Background: EUS-guided direct cholangio-pancreatic access (EUS-DCP) may be useful in cases with an inaccessible papilla, however, it is challenging due to the technical difficulty and high complication rate. EUS-rendezvous for antegrade cholangio-pancreatography (EUS-RV) also is feasible in these patients. Aims: To evaluate the indications, feasibility and safety of the EUS-DCP/RV in our case series. Methods: The success and complication rates were analyzed and compared between patients undergoing EUSDCP and those undergoing EUS-RV. Results: Sixteen patients underwent EUS-DCP, including EUS-hepatogastrostomy in four and EUScholedochduodenostomy in twelve patients. Six patients underwent EUS-RV, including two patients who required double–metallic stent deployment for malignant biliary and duodenal obstruction, one with ampullary cancer, two with chronic pancreatitis and one with papillary stricture due to the ampullectomy. The success rate was 62.5% (10/16) in the EUS-DCP group and 100% (6/6) in the EUS-RV group.
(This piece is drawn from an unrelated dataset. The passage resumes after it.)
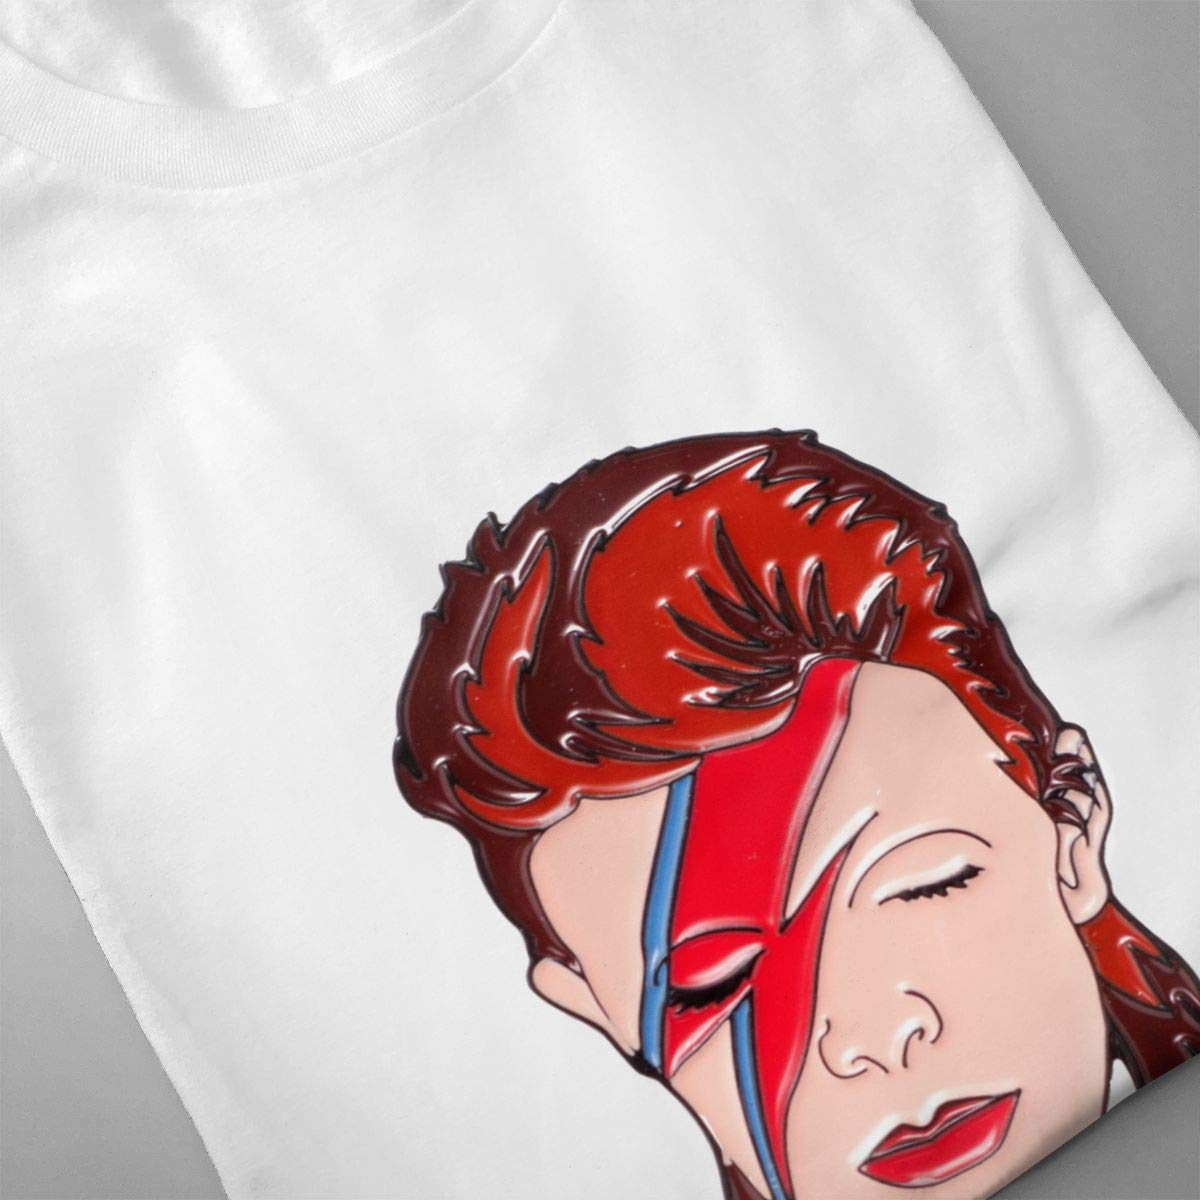 QINSHAONI David-Bowie Teenagers Boy Retro Trend Printed Letters 3D Pattern Comfortable Light T-Shirt T-Shirts M

The complication rate was 33% in the EUS-DCP group and 0% in the EUS-RV group, respectively. Conclusions: Although the feasibility of EUS-DCP or EUS-RV depends on the traversibility to the papilla, EUS-RV, rather than EUS-DCP, appears to be more feasible and safe, and may represent the modality of first choice for patients with an inaccessible papilla.